The method described above does the job, but it’s not very convenient. An even
simpler way of achieving the same result is to call
create_split_array()
.
>>> from fuel.datasets.hdf5 import H5PYDataset
>>> split_dict = {
... 'train': {'vector_features': (0, 90), 'image_features': (0, 90),
... 'targets': (0, 90)},
... 'test': {'vector_features': (90, 100), 'image_features': (90, 100),
... 'targets': (90, 100)}}
>>> f.attrs['split'] = H5PYDataset.create_split_array(split_dict)
The create_split_array()
method expects
a dictionary mapping split names to dictionaries. Those dictionaries map source
names to tuples of length 2, 3 or 4. The first two elements correspond to the
start and stop indexes.

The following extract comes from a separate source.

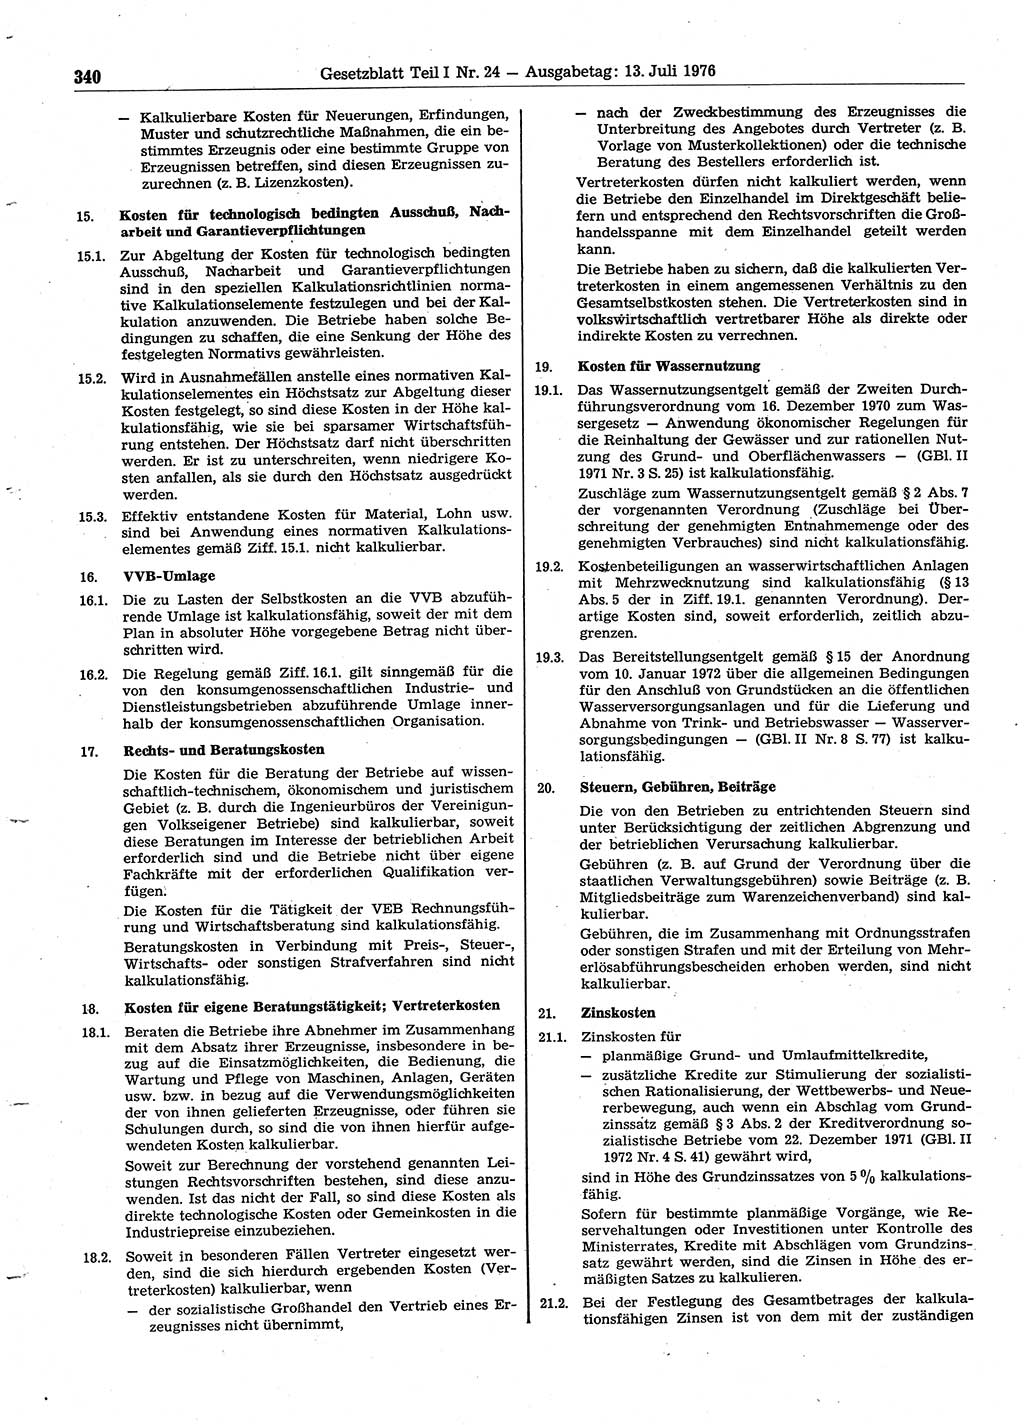 Gesetzblatt (GBl.) der Deutschen Demokratischen Republik (DDR) Teil Ⅰ 1976, Seite 340 (GBl. DDR Ⅰ 1976, S. 340)

The other two elements are optional and correspond to
the indices
reference and the comment, respectively. The method will create
the array behind the scenes, choose the string lengths automatically and
populate it with the information in the split dictionary. If a particular
split/source combination isn’t present, its available
attribute is set to
False
, which allows us to specify only what’s actually present in the HDF5
file we created.
Tip
By default, H5PYDataset
sorts sources in
alphabetical order, and data requests are also returned in that order. If
sources
is passed as argument upon instantiation,
H5PYDataset
will use the order of sources
instead. This means that if you want to force a particular source order, you
can do so by explicitly passing the sources
argument with the desired
ordering. For example, if your dataset has two sources named 'features'
and 'targets'
and you’d like the targets to be returned first, you need
to pass sources=('targets', 'features')
as a constructor argument.
We flush, close the file and voilà!
>>> f.flush()
>>> f.close()
Playing with H5PYDataset datasets¶
Let’s explore what we can do with the dataset we just created.
The simplest thing is to load it by giving its path and a tuple of split names:
>>> train_set = H5PYDataset('dataset.hdf5', which_sets=('train',))
>>> print(train_set.num_examples)
90
>>> test_set = H5PYDataset('dataset.hdf5', which_sets=('test',))
>>> print(test_set.num_examples)
10
Passing more than one split name would cause the splits to be concatenated. The available data sources would be the intersection of the sources provided by each split.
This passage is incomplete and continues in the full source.